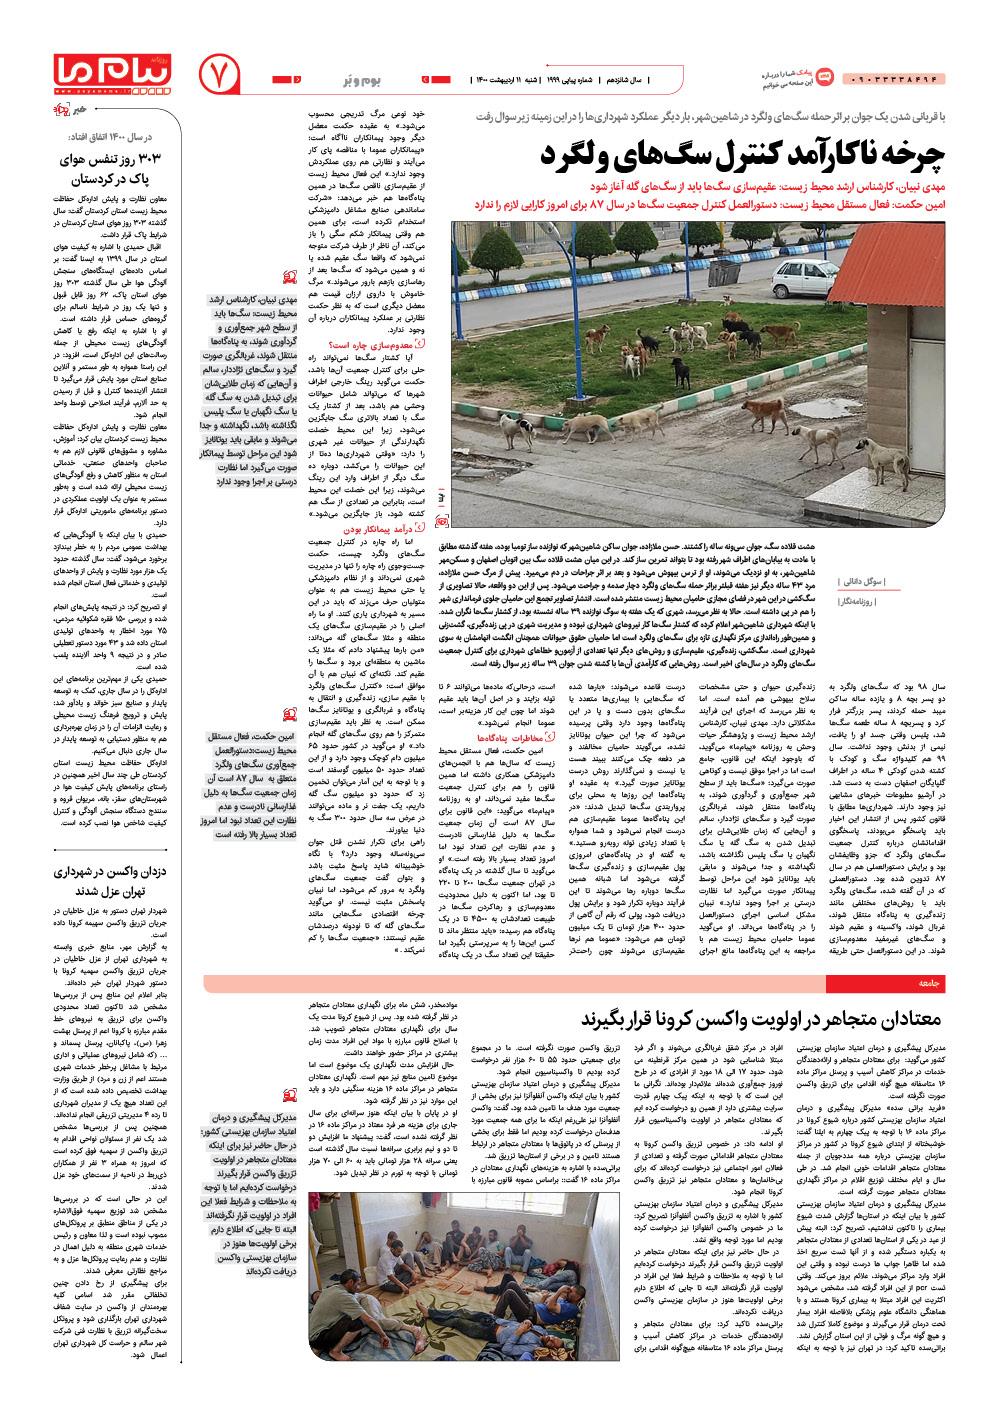 صفحه بوم و بَر شماره ۱۹۹۹ روزنامه پیام ما
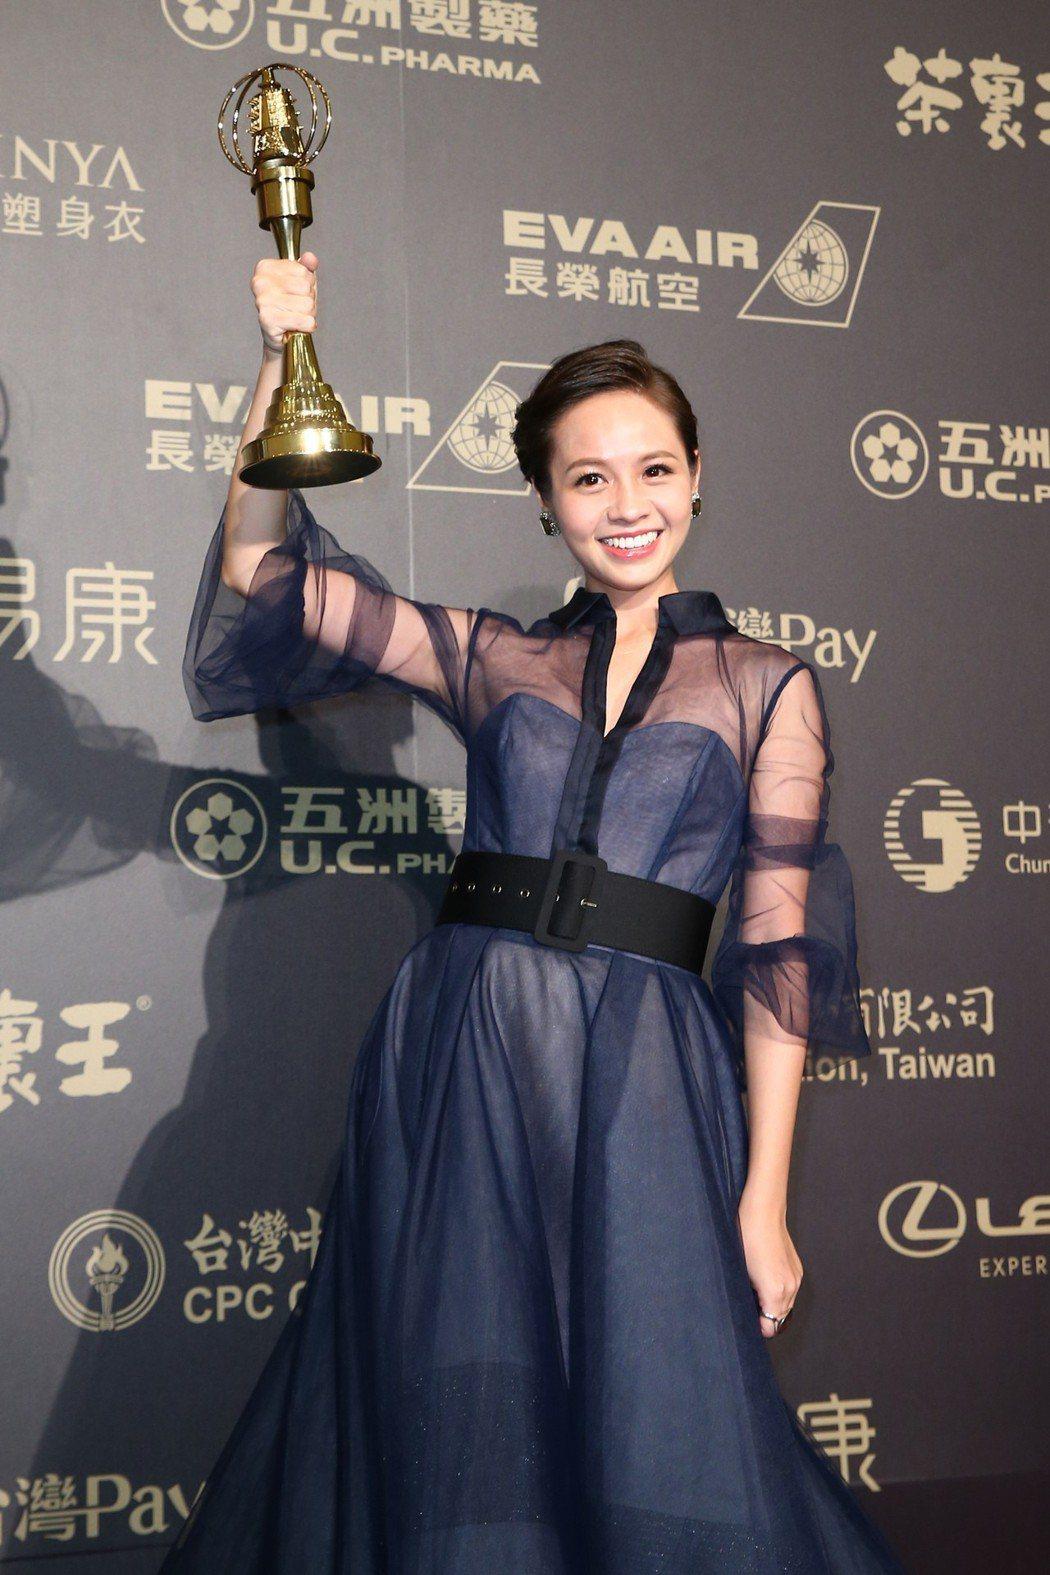 第五十三屆金鐘獎,黃姵嘉獲戲劇節目女主角獎。記者王騰毅/攝影
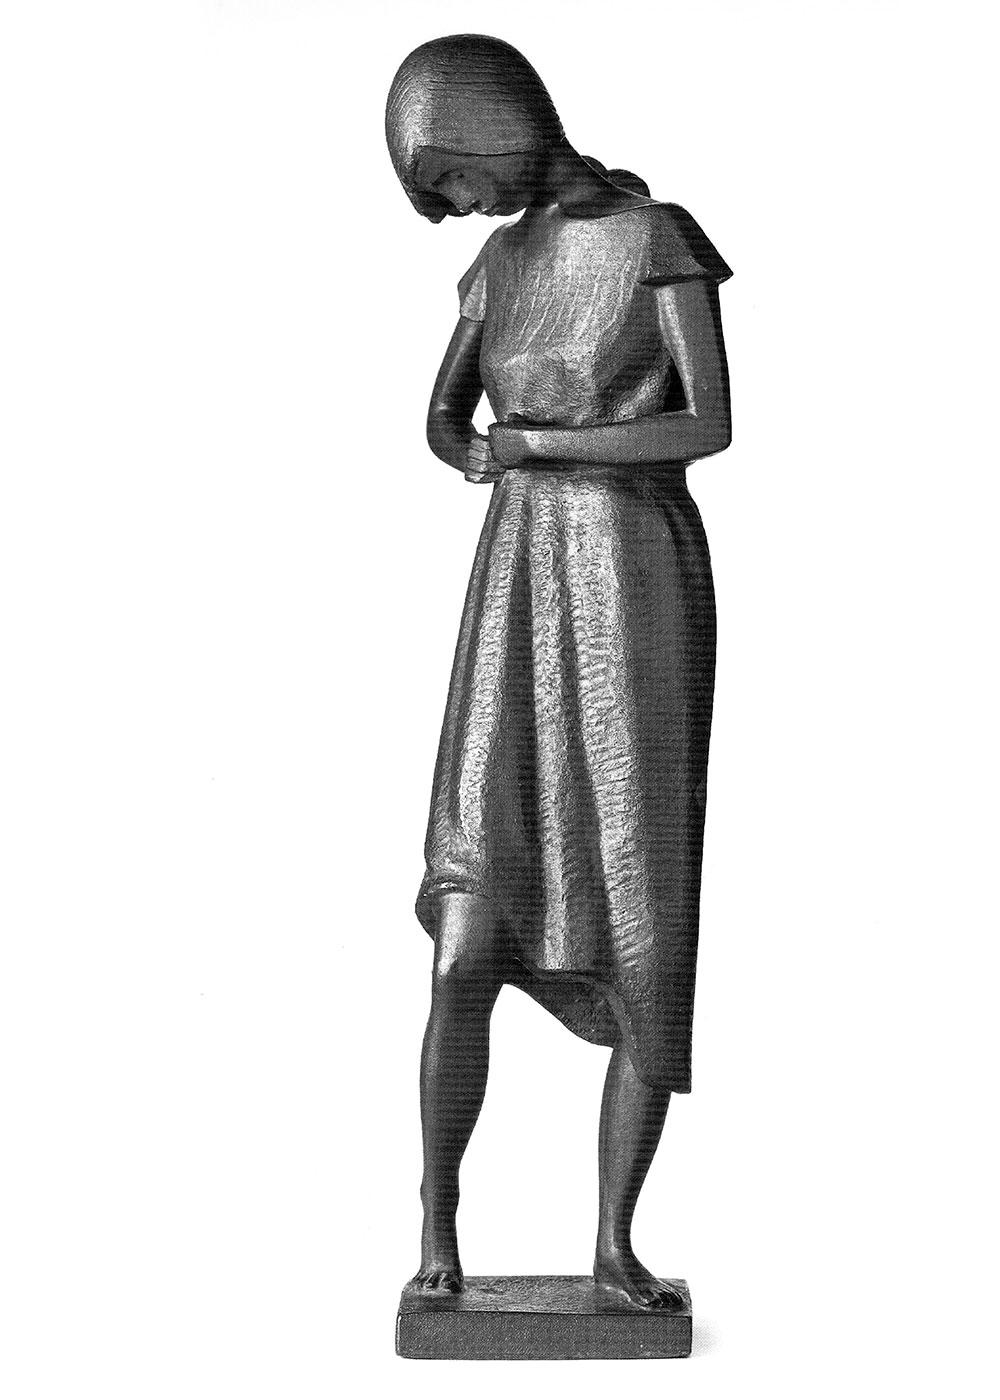 Gürtelbinderin • 33cm • Bronze • 1966

☆ ☆ ☆ ☆ ☆

§ EXERCISE REQUIREMENTS:
Reproduce, word for word, everything in the listing above except the pictures.

§ EXERCISE SOLUTION:
 صفحه بوم و بَر شماره ۱۹۹۹ روزنامه پیام ما
 第五十三屆金鐘獎,黃姵嘉獲戲劇節目女主角獎。記者王騰毅/攝影
 Gürtelbinderin • 33cm • Bronze • 1966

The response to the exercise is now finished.